- [Instructions for the task]: Word for word, restate the listing; omit the pictures.

(Data section begins)

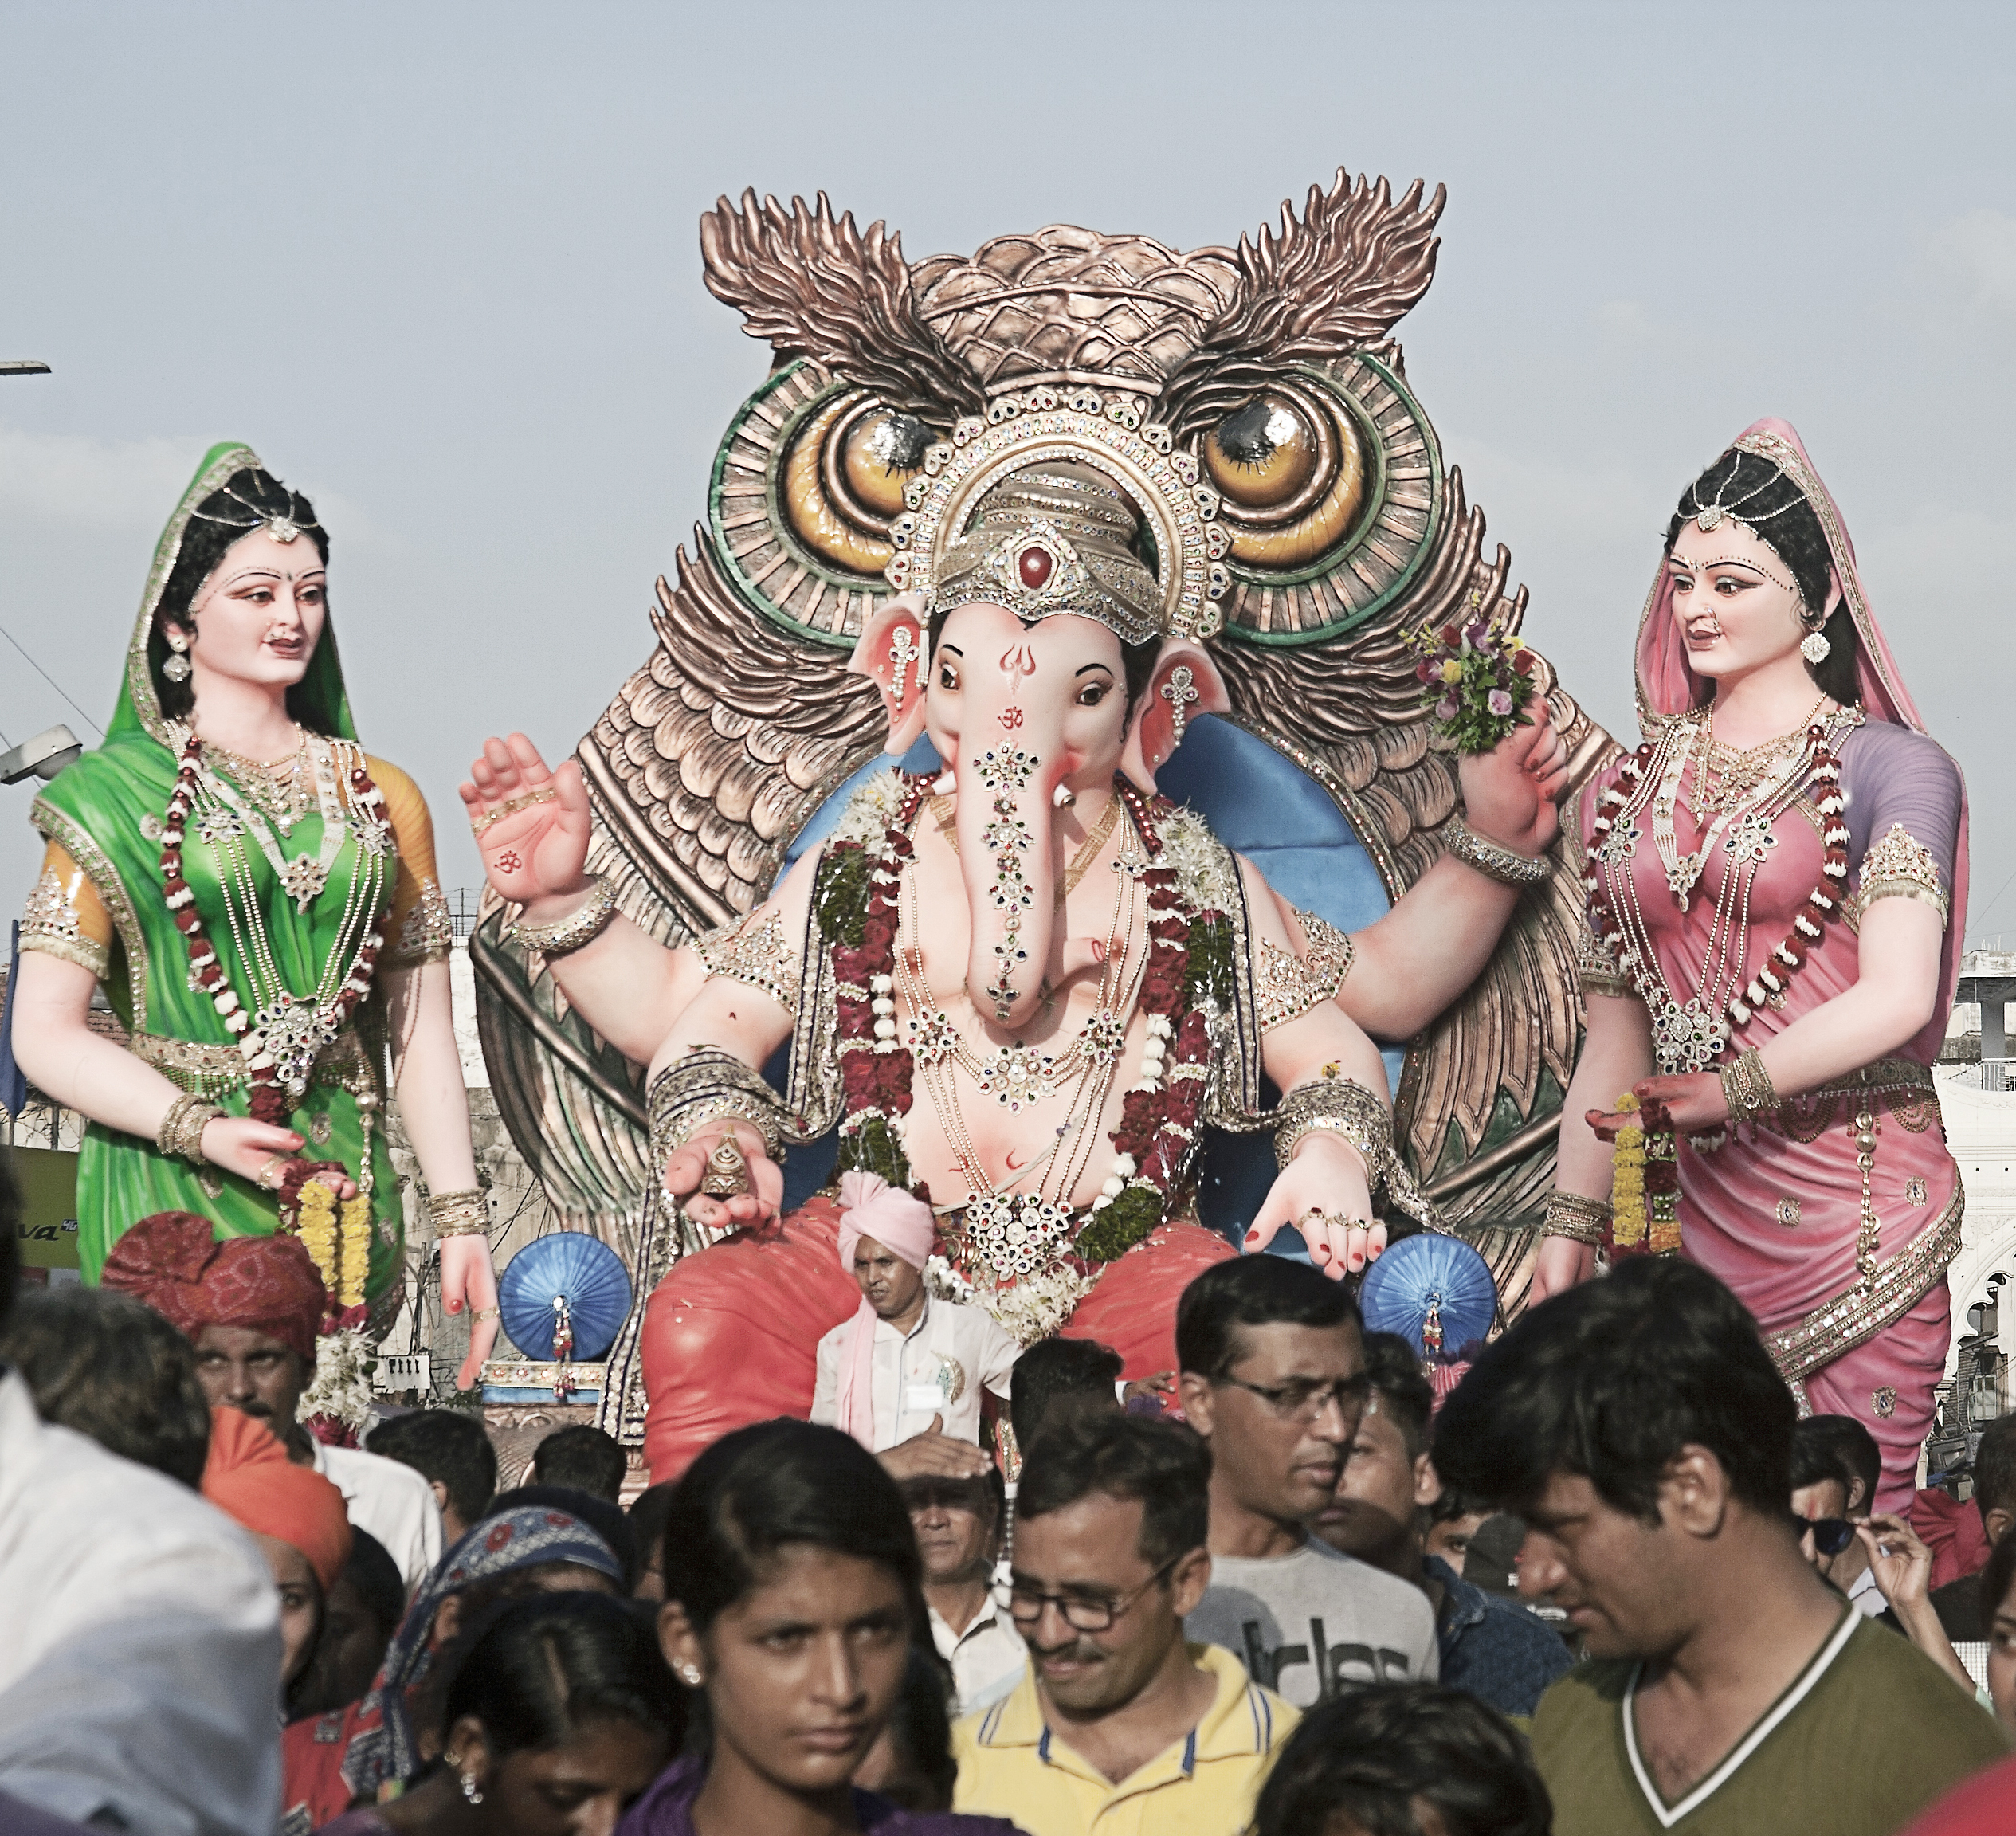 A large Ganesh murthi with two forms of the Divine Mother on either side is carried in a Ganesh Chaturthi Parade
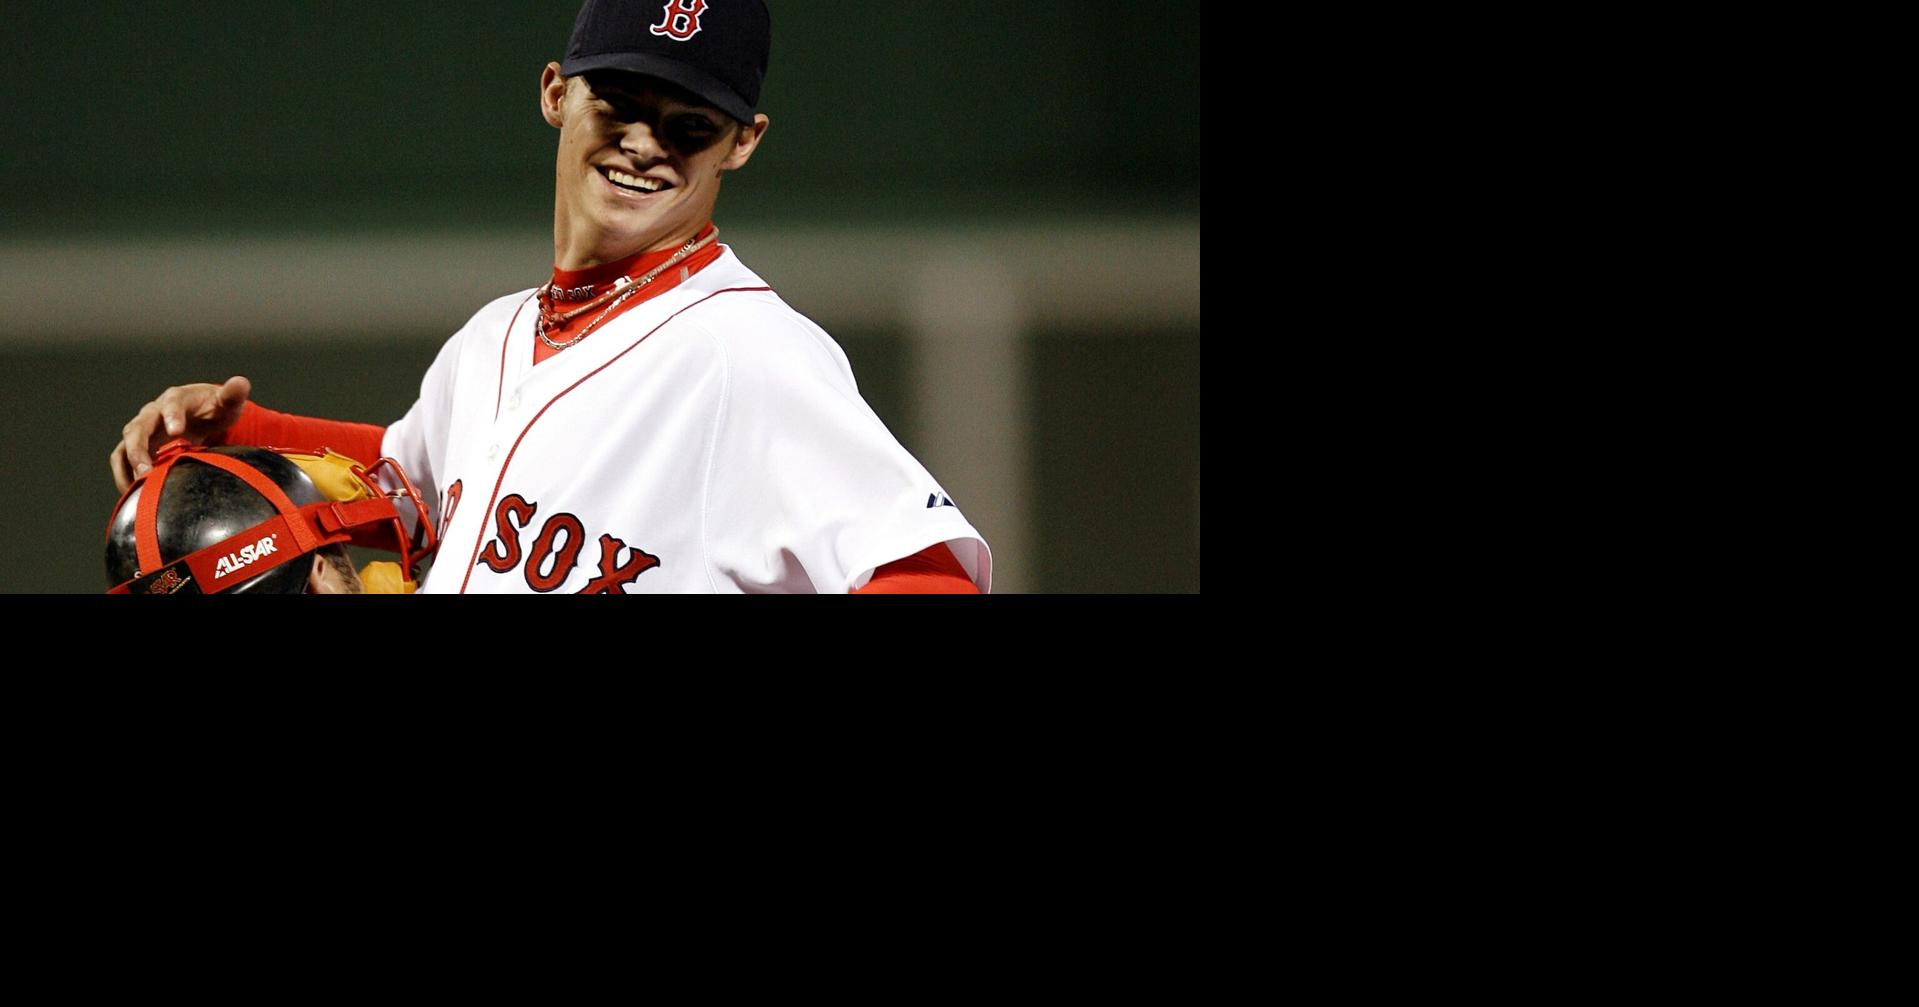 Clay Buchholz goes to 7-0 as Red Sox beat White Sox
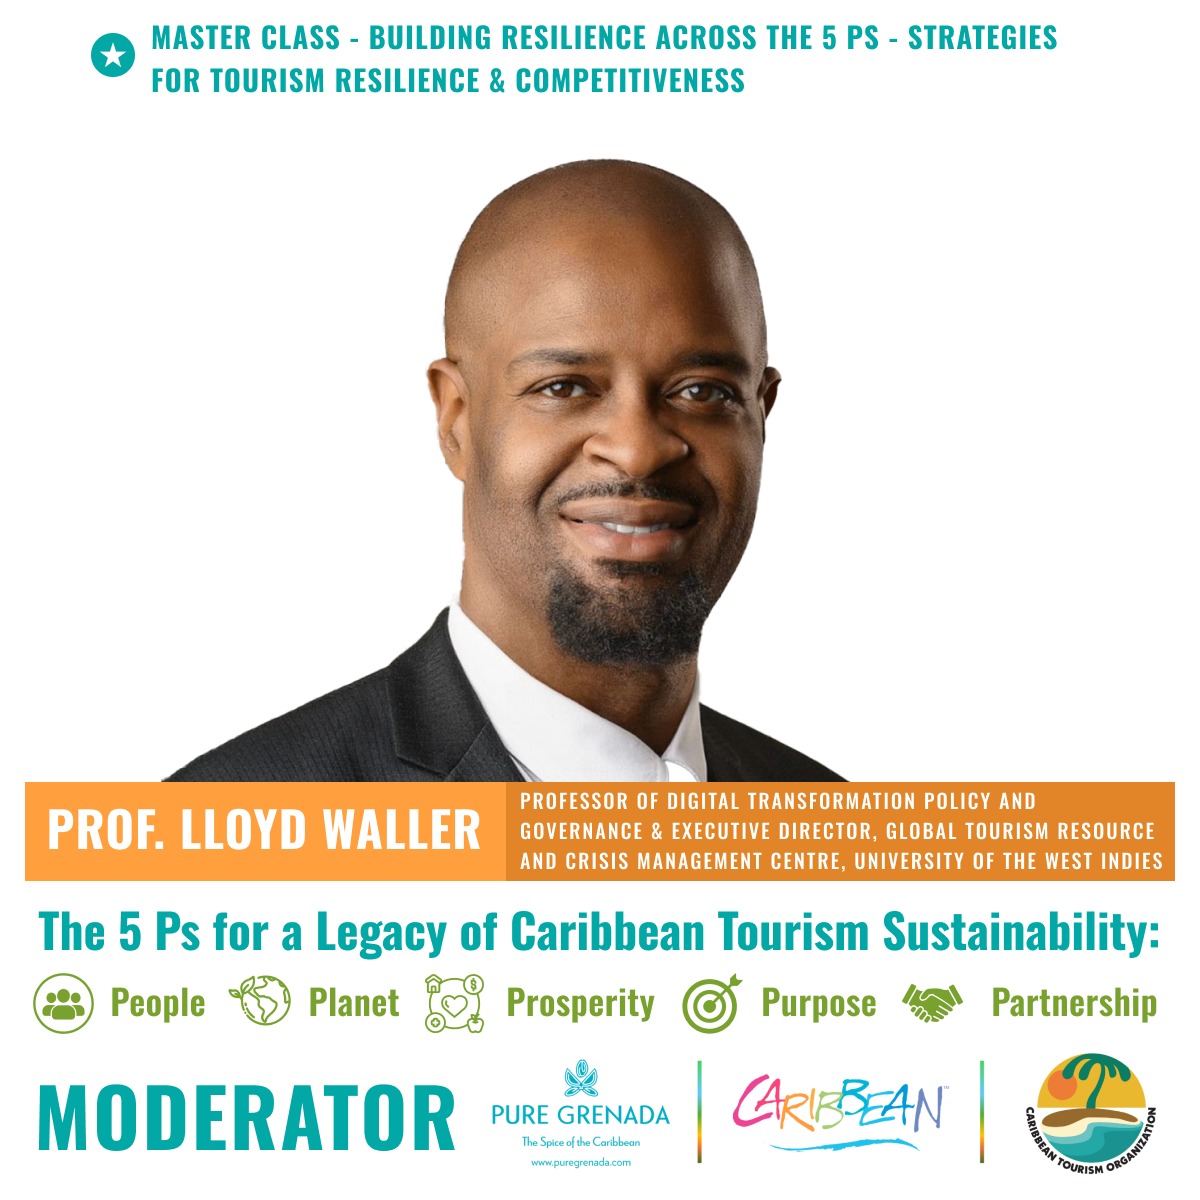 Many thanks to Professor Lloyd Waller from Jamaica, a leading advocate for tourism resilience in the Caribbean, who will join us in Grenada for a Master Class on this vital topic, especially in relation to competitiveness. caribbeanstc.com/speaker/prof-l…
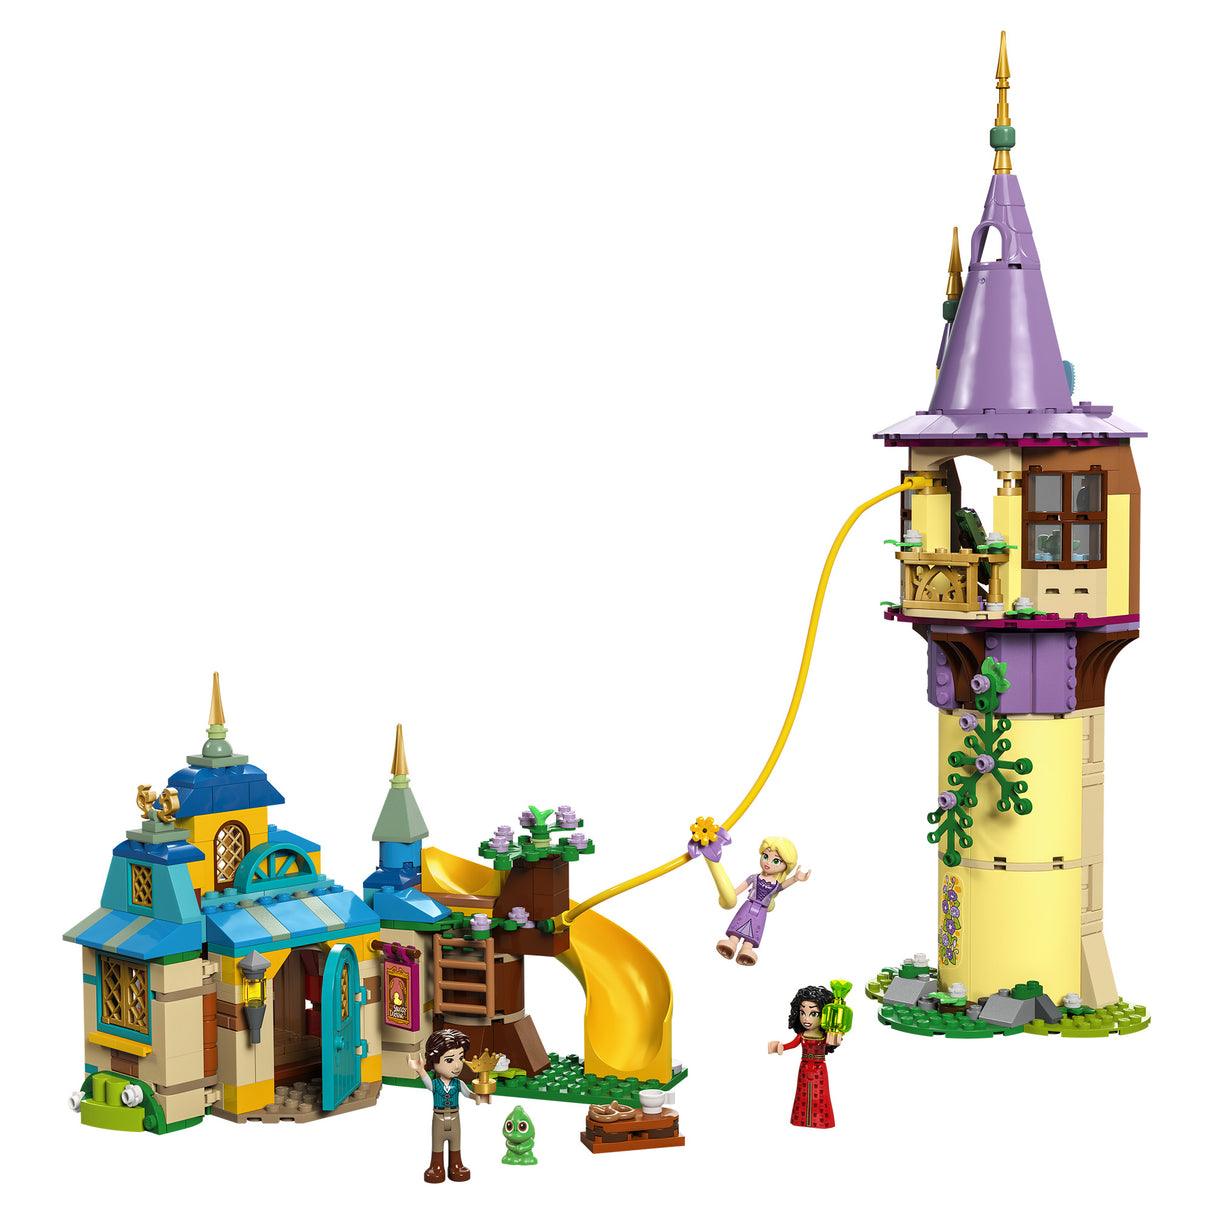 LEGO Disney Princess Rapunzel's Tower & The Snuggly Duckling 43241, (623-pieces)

(Data section ends)

- [Exercise result]:
 A large Ganesh murthi with two forms of the Divine Mother on either side is carried in a Ganesh Chaturthi Parade
 Clay Buchholz goes to 7-0 as Red Sox beat White Sox
 Many thanks to Professor Lloyd Waller from Jamaica, a leading advocate for tourism resilience in the Caribbean, who will join us in Grenada for a Master Class on this vital topic, especially in relation to competitiveness. caribbeanstc.com/speaker/prof-l…
 LEGO Disney Princess Rapunzel's Tower & The Snuggly Duckling 43241, (623-pieces)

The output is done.